# LDA Topic Modeling
* Notebook by Adam Lang
* Date: 8/5/2024

# Overview
* In this notebook I will go over implementing LDA topic modeling algorithm from scratch using sklearn in python.

## Notes
* First we will import LDA from sklearn.
* For feature extraction we will use `CountVectorizer`. However, you can use `TfidfVectorizer` as well.
   * The `CountVectorizer` will simply count each word in the document.

In [1]:
## imports
from sklearn.decomposition import LatentDirichletAllocation
from sklearn.feature_extraction.text import CountVectorizer
import numpy as np

# instantiate a CountVectorizer() object
cvectorizer = CountVectorizer()

In [2]:
## Create a test corpus
corpus = ["I love cooking", "I have prepared a cake today", "He is going to a new place", "He will learn cooking there"]

In [3]:
# fit_transform the corpus with count vectorizer
cvz = cvectorizer.fit_transform(corpus)

In [4]:
## lets see the output
cvz

<4x15 sparse matrix of type '<class 'numpy.int64'>'
	with 17 stored elements in Compressed Sparse Row format>

Summary:
* We now have a sparse matrix 4 rows x 15 columns.
* The matrix represents the unique elements in our corpus.

In [5]:
## we now create a vocabulary array to represent the corpus
vocab = cvectorizer.get_feature_names_out()
vocab

array(['cake', 'cooking', 'going', 'have', 'he', 'is', 'learn', 'love',
       'new', 'place', 'prepared', 'there', 'to', 'today', 'will'],
      dtype=object)

## Building the LDA topic model
* `n_components` is number of topics we want to extract.
* `max_iter` is max number of iterations the LDA algorithm should run through before reaching steady state.
* `random_state` is well known, we use this so we can replicate our results.

In [6]:
## LDA model instantiate
lda_model = LatentDirichletAllocation(n_components = 3, max_iter = 20, random_state=20)

# Fit LDA model on data
X_topics = lda_model.fit_transform(cvz)

# get topic components
topic_words = lda_model.components_

In [7]:
## print first index of topics
topic_words[0]

array([0.33409872, 1.3520179 , 0.33426983, 0.33409872, 0.3344864 ,
       0.33426983, 0.33484162, 1.33184251, 0.33426983, 0.33426983,
       0.33409872, 0.33484162, 0.33426983, 0.33409872, 0.33484162])

## Extracting topic words
* We can extract a specific number of words per topic.

In [8]:
n_top_words = 4

for i, topic_dist in enumerate(topic_words):
    sorted_topic_dist = np.argsort(topic_dist)
    topic_words = np.array(vocab)[sorted_topic_dist]
    topic_words = topic_words[:-n_top_words:-1]
    print ("Topic", str(i+1), topic_words)
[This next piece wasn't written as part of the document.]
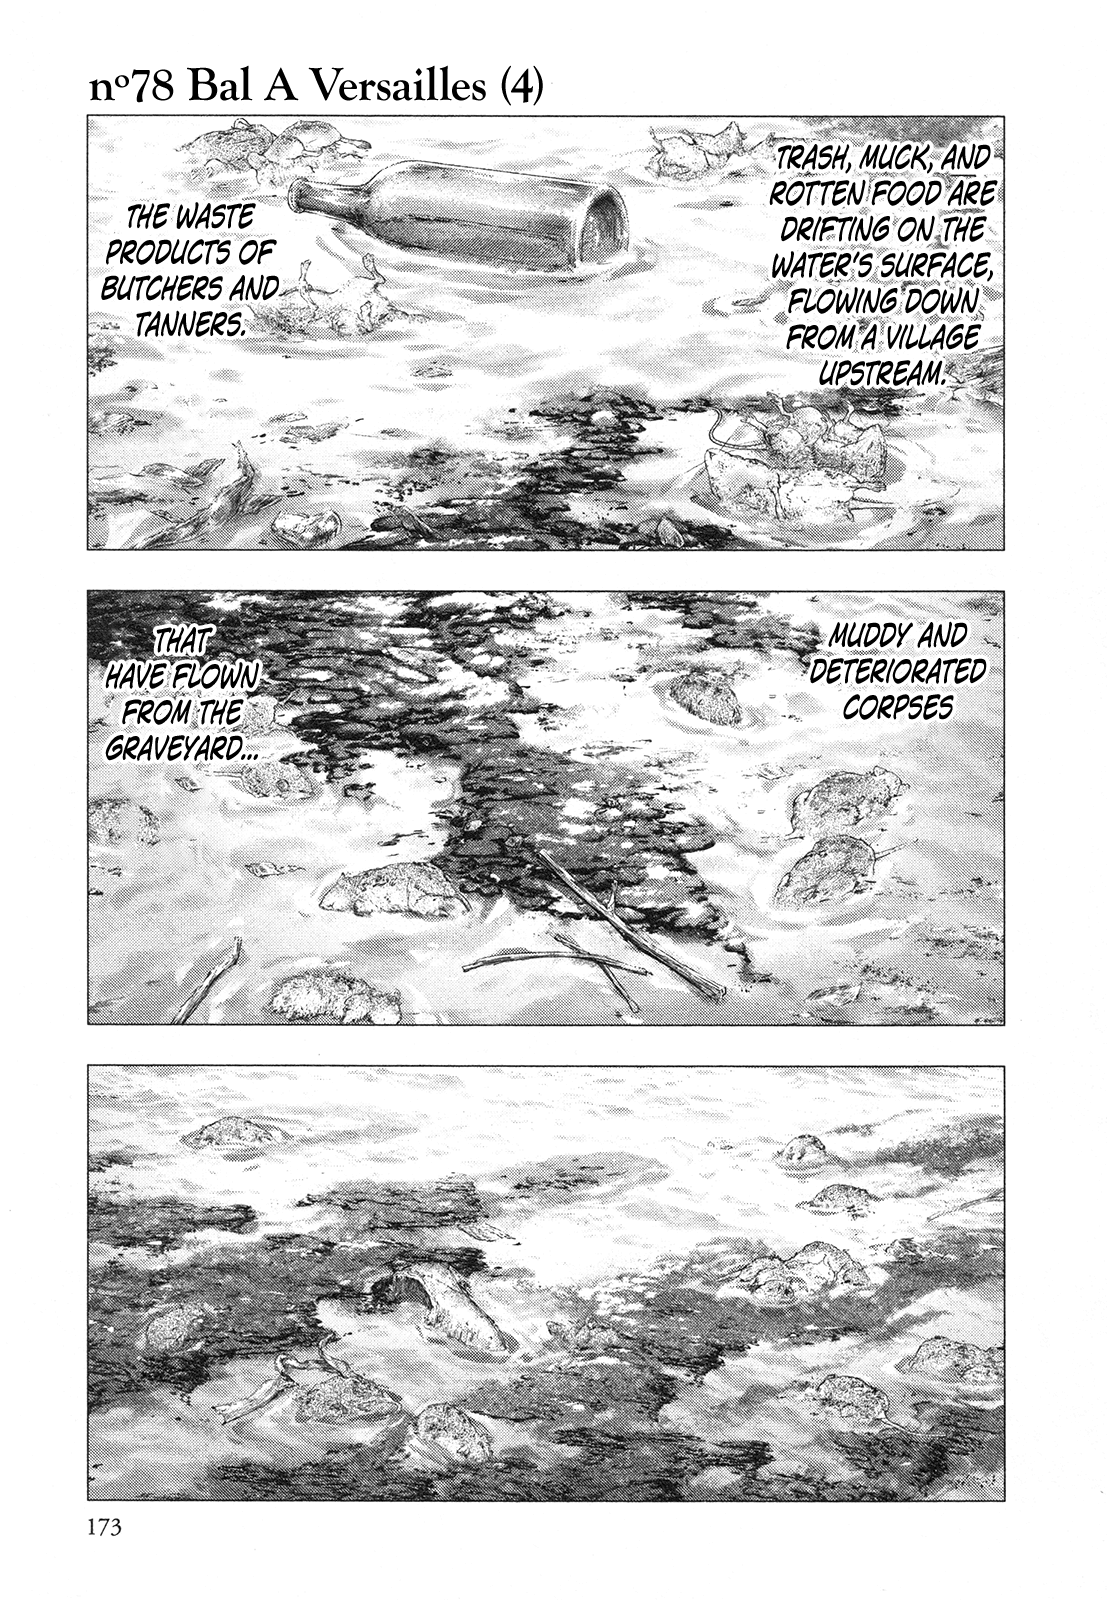 Innocent Rouge Vol.11-Chapter.78-Bal-A-Versailles-(4) Image
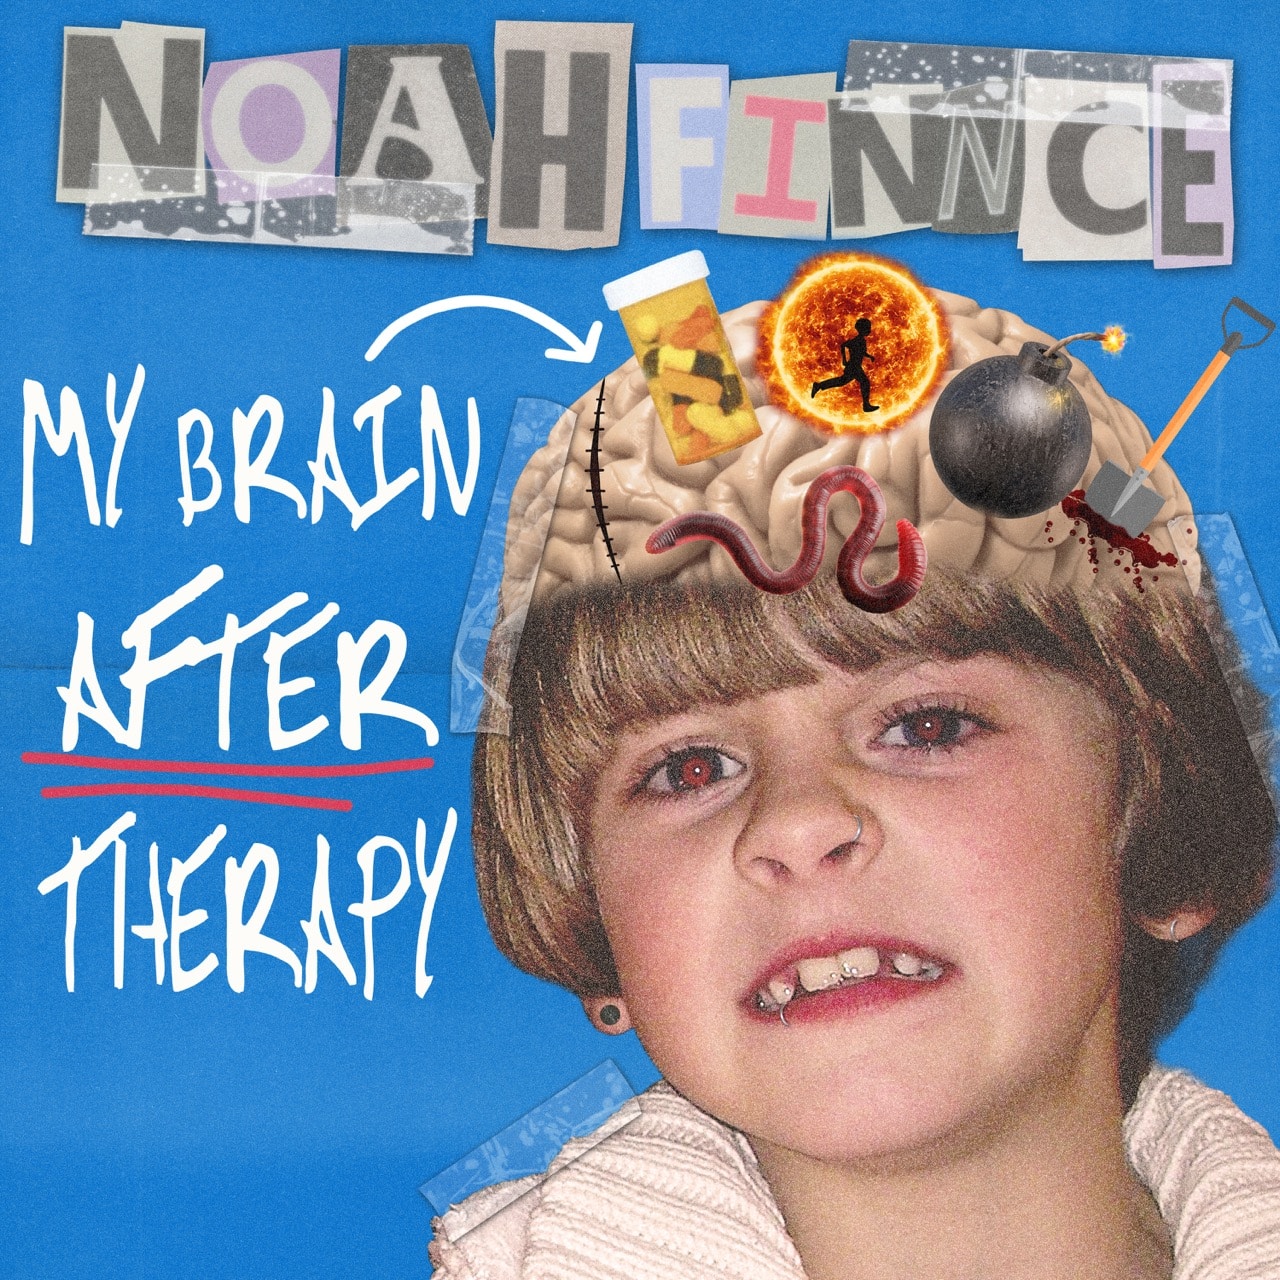 NOAHFINNCE - STUFF FROM MY BRAIN / MY BRAIN AFTER THERAPY

Topic 1 ['cooking' 'love' 'will']
Topic 2 ['today' 'prepared' 'have']
Topic 3 ['he' 'to' 'place']


## Extracting Topics by Document

In [9]:
# LDA model transform using count vectorizer -- assign to doc_topic
doc_topic = lda_model.transform(cvz)

#iterate over all documents
for n in range(doc_topic.shape[0]):
  topic_doc = doc_topic[n].argmax() #obtain max probability
  print("Document", n+1, " --- Topic:", topic_doc)

Document 1  --- Topic: 0
Document 2  --- Topic: 1
Document 3  --- Topic: 2
Document 4  --- Topic: 2


# Summary

**Pros of LDA**
- Able to handle large datasets and can be easily parallelized
- Can assign a probability to a new document due to the document-topic Dirichlet distribution
- Topics are open to human interpretation

**Cons of LDA**
- Extremely computationally expensive
- Usually may not work well for short documents and text files
- The number of topics must be known/set beforehand
- The bag-of-words approach disregards the semantic representation of words in a corpus, similar to LSA and pLSA
- An estimation of Bayes parameters lies under the assumption of exchangeability for the documents used
- LDA requires an extensive pre-processing phase to obtain a significant representation from the textual input data
- Some studies report LDA topic modeling may yield too general (Rizvi et al., 2019) or irrelevant (Alnusyan et al., 2020) topics.
   * Results may also be inconsistent across different executions (Egger et al., 2021).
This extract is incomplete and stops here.